Re: [PATCH v2 1/2] misc: Add Nitro Secure Module driver

From: Greg Kroah-Hartman
Date: Sat Sep 30 2023 - 02:40:46 EST


On Fri, Sep 29, 2023 at 09:26:16PM +0200, Alexander Graf wrote:
> Hi Arnd!
>
> On 29.09.23 19:28, Arnd Bergmann wrote:
> > On Fri, Sep 29, 2023, at 09:33, Alexander Graf wrote:
> > > When running Linux inside a Nitro Enclave, the hypervisor provides a
> > > special virtio device called "NSM". This device has 2 main functions:
> > >
> > > 1) Provide attestation reports
> > > 2) Modify PCR state
> > > 3) Provide entropy
> > >
> > > This patch adds the core NSM driver that exposes a /dev/nsm device node
> > > which user space can use to request attestation documents and influence
> > > PCR states.
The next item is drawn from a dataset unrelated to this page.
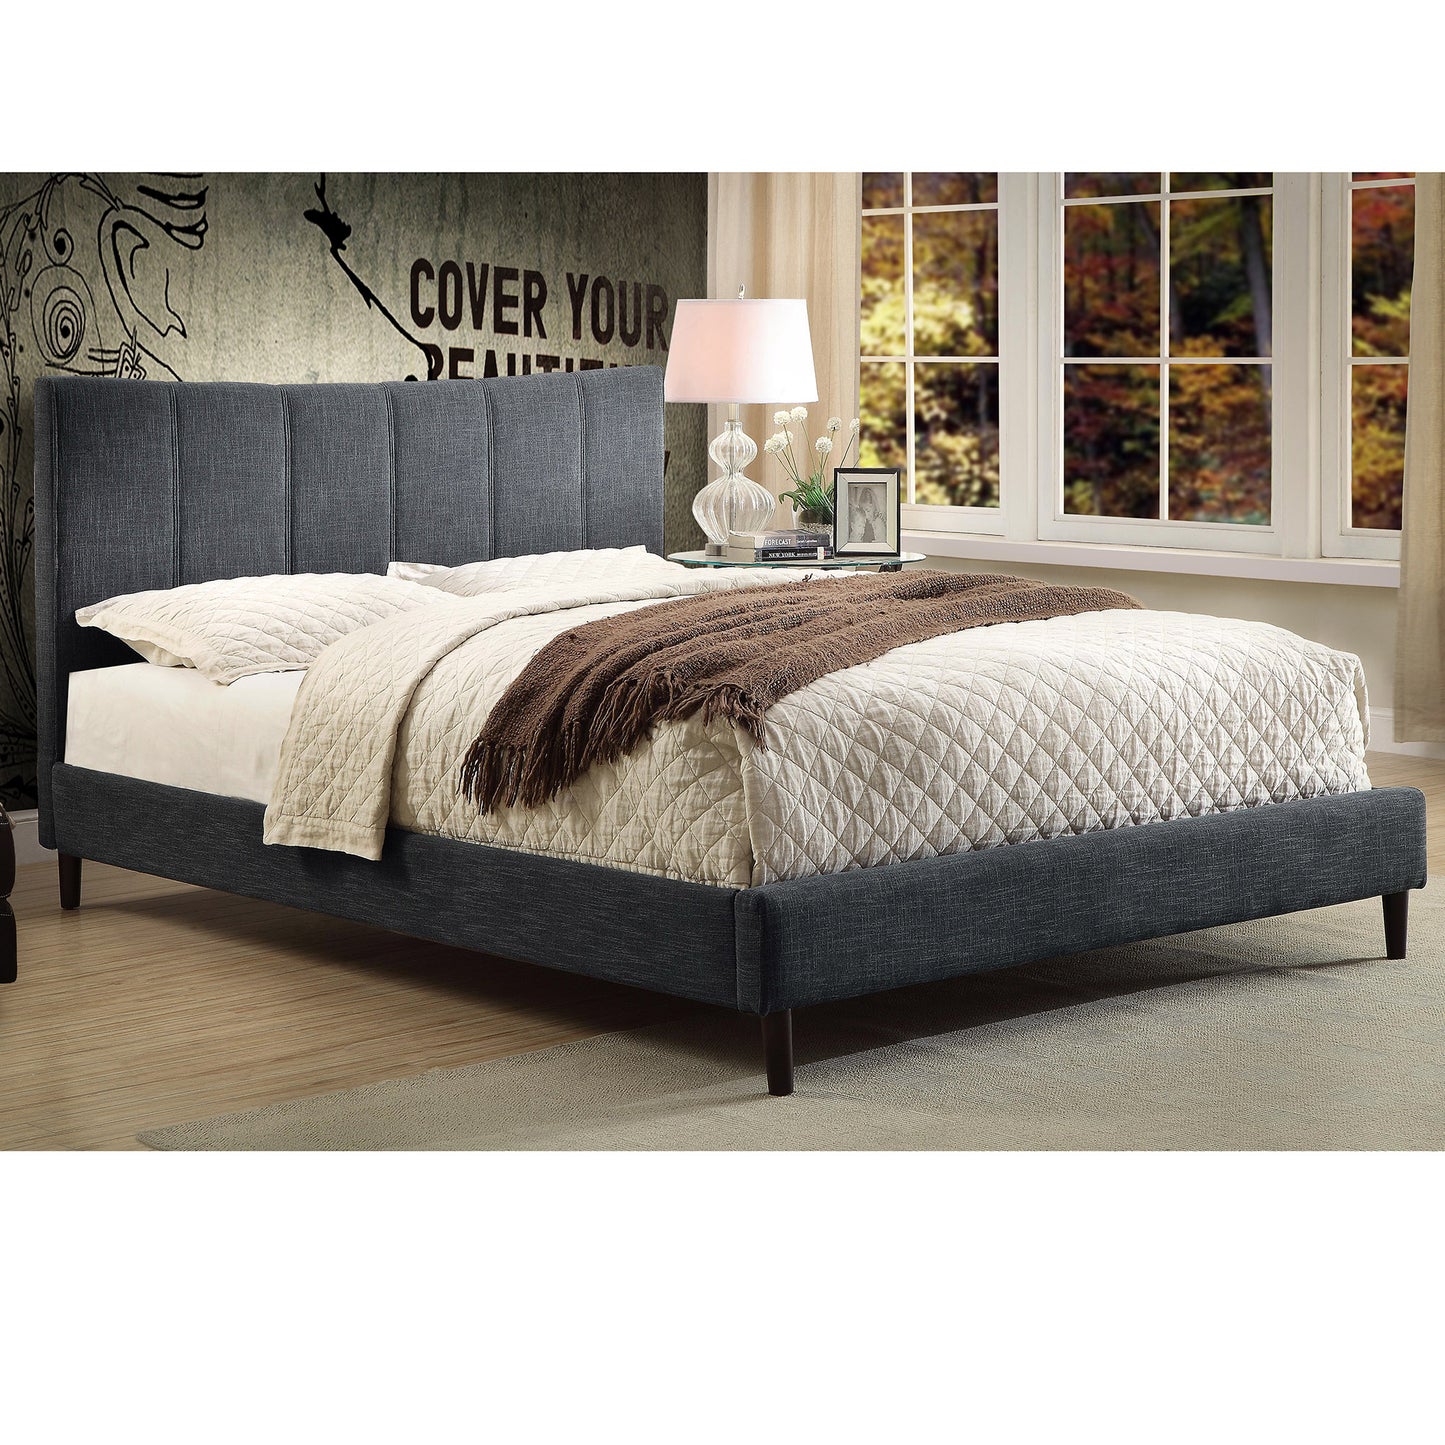 KING SIZE- (RIMO GREY) - LINEN FABRIC - BED FRAME- WITH SLATS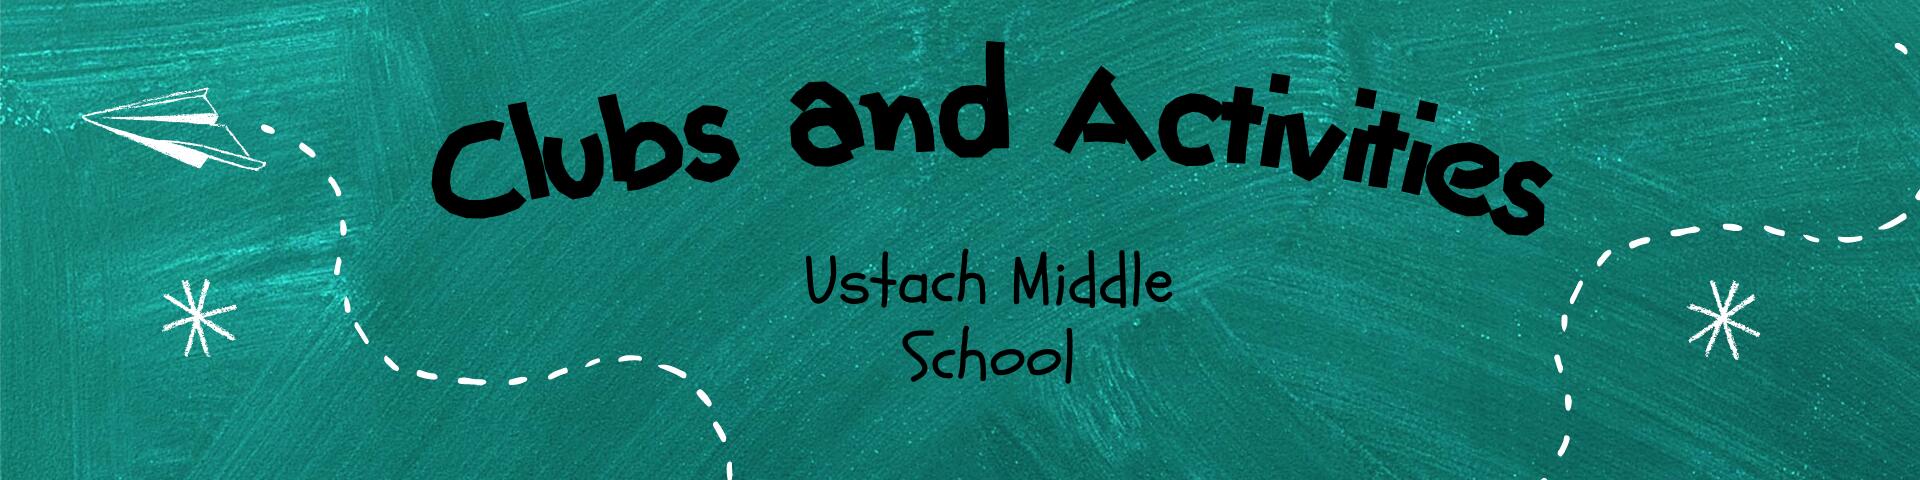 clubs and activities at ustach middle school

A follow up patch will add a hwrng driver to feed its entropy
> > > into the kernel.
> > >
> > > Originally-by: Petre Eftime <petre.eftime@xxxxxxxxx>
> > > Signed-off-by: Alexander Graf <graf@xxxxxxxxxx>
> > Hi Alex,
> >
> > I've taken a first look at this driver and have some minor comments.
>
>
> Thanks a bunch!
>
>
> > The main point here is that I think we need to look at possible
> > alternatives for the user space interface, and (if possible) change
> > to a set of higher-level ioctl commands from the simple passthrough.
>
>
> I'm slightly torn on that bit. I think in hindsight the NSM device probably
> should have been a reserved vsock CID and the hwrng one should have just
> been virtio-rng.
>
> The problem is that Nitro Enclaves were launched in 2020 and since an
> ecosystem developed in multiple languages to support building code inside:
>
> https://github.com/aws/aws-nitro-enclaves-nsm-api/blob/main/src/driver/mod.rs#L66
> https://github.com/donkersgoed/aws-nsm-interface/blob/main/aws_nsm_interface/__init__.py#L264-L274
>   https://github.com/hf/nsm/blob/main/nsm.go#L99-L129
>
>
> All of these use the (downstream) ioctl that this patch also implements. We
> could change it, but instead of making it easier for user space to adapt the
> device node, it would probably hurt more.
>
> I agree that this is not a great place to be in. This driver absolutely
> should have been upstreamed 3 years ago. But I can't turn back time (yet)
> :).

As you know, this is no excuse to put an api in the kernel that isn't
correct or good for the long-term. Just because people do foolish
things outside of the kernel tree never means we have to accept them in
our tree. Instead we can ask them to fix them properly as part of us
taking the code.

So please, work on doing this right.